Moreover, enrollment trends supplied by Public Policy Forum
show that parents continue to separate wheat
from chaff. Hickman’s Academy Preparatory School and the Hope
Christian School, both on the Journal-Sentinel’s good
list, posted some of the MPCP’s largest student enrollment
gains.
THE JOURNAL-SENTINEL’S OTHER effort to
puncture the Perfect Market Myth is an expose of the processes by
which parents choose schools. “Gut Instinct Guides Parents’
Choices,” reporters complain.
Parents rely on informal networks when picking schools, the
paper reports, such as a church affiliation or a referral from a
family member. “The best thing is word of mouth,” Principal Paul
Hohl of the St. Sebastian School told a reporter.
Professor Paul Teske of the University of Colorado dismissed the
referral system as “just psychological attachment issues.” “If you
know a teacher or a person you like at a school,” he told the
Journal-Sentinel, “you get a feeling of social
attachment.”
But referrals are a time-tested market mechanism for making
complicated choices well.
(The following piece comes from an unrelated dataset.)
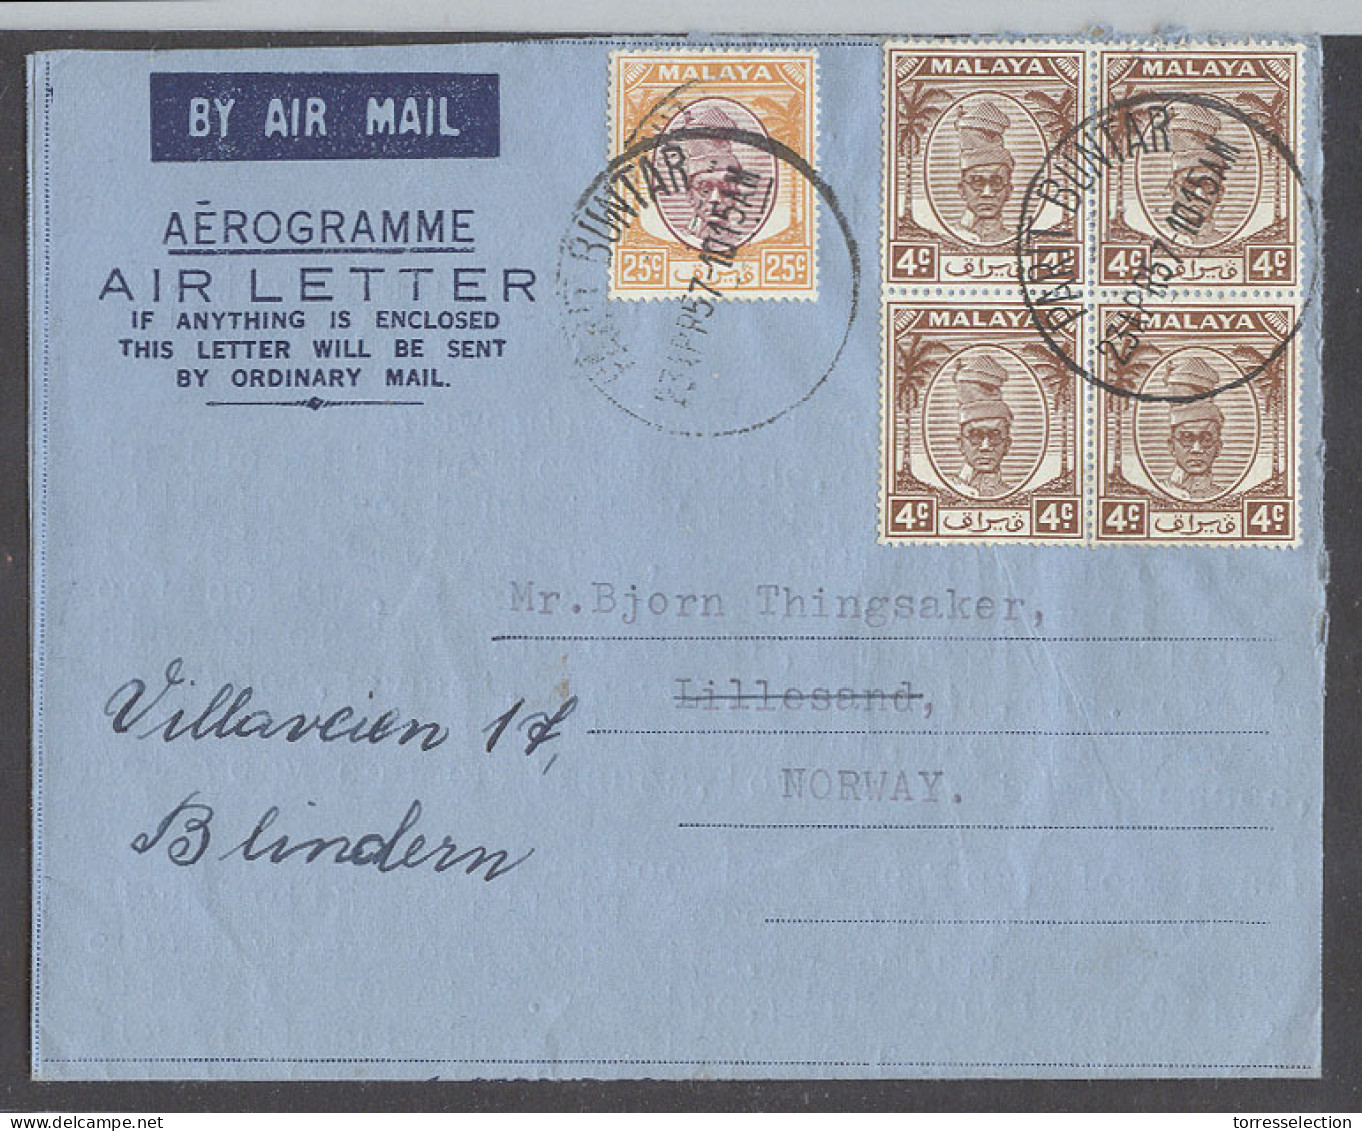 MALAYSIA. 1957 (23 April). Perak. Parit Buntar - Norway, Blindern. Fkd Air Letter 4c Rate Incl 4 Block Of Four Proper Te - Malaysia (1964-...)

We choose doctors, dentists, and lawyers
in this way precisely because it is hard to represent their quality
— or their suitability for us — by any simple metric.
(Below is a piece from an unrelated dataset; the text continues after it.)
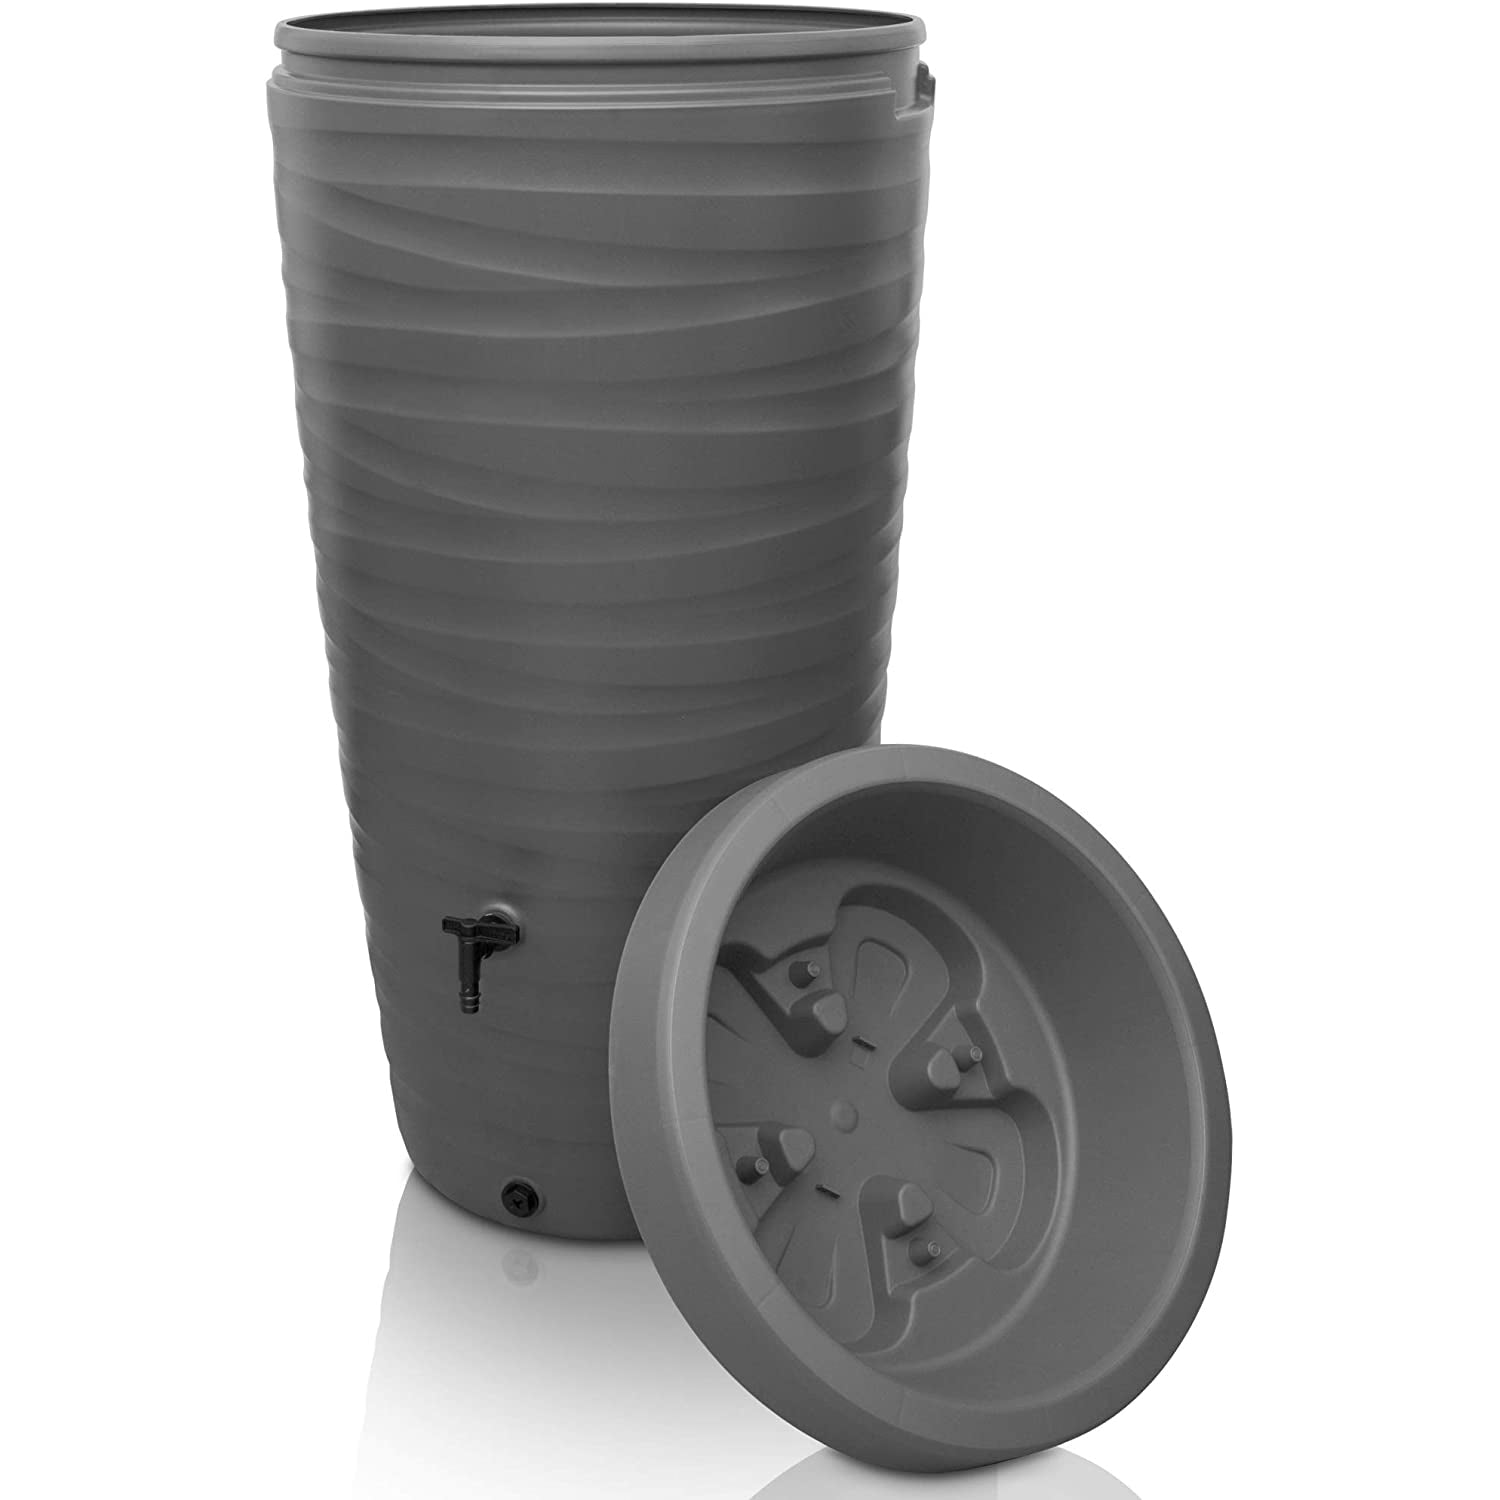 Stapel von YourCasa Regentonnen 240 Liter [Wellendesign] - Frostsicher & UV-beständig mit einem daneben platzierten Deckel, gleichartige Komponenten für ein nachhaltiges Bewässerungssystem.

The paper implies that parents should be choosing schools based
on more objective criteria such as test scores, and it laments
their lack of passion for playing by the numbers.
But school average scores notoriously reveal more about the
backgrounds of children who attend a school than they do about how
much those children are learning. A school that caters largely to
impoverished children will have lower scores than a mostly middle
class school even if those children are showing great improvement
over time.
More critically, average scores reveal nothing at all about how
any one child will do in a particular school. The foundational
principle of school choice is that different children learn
differently. One child may thrive in a non-structured environment.
Another will learn more in a school with lower average scores but a
more disciplined approach.
The Journal-Sentinel quotes Dorothy Smith, who chose
three different schools for her children based on their different
needs. “Some kids need a little more umph than other kids,” she
sensibly observed.
Parents know this, and they aren’t looking for the school with
the highest scoring students. They are looking for the school at
which their child will score the highest. That these are two
completely different things is what the Journal-Sentinel
— and all those who think testing and sanctions can outperform
choice — seem not to understand.
THE SERIES ENDS WITH a call for “clearer and better answers” about how the
MPCP schools are serving students, the mantra of those who want to
condition the program’s expansion on the addition of bureaucratic
weights and measures.
If the Journal-Sentinel reporters are right, then
perhaps 10 percent of the MPCP schools are not doing the job they
might. But
over 20 percent of Milwaukee Public Schools are now “in need of
improvement” under the No Child Left Behind Act. If these numbers
mean something, they mean that a parent-driven market is about
twice as good at eliminating poor schools as the public system. If
they mean nothing, then parents are right to choose schools in a
subtler, more subjective way.
Milwaukee’s voucher kids are doing all right. The market is a
dynamic process, and school closings, like flu symptoms, are a sign
that the MPCP naturally resists poor quality. Wisconsin lawmakers
should ease the enrollment cap on its flagship school choice law
without regulating away the variety it needs to succeed.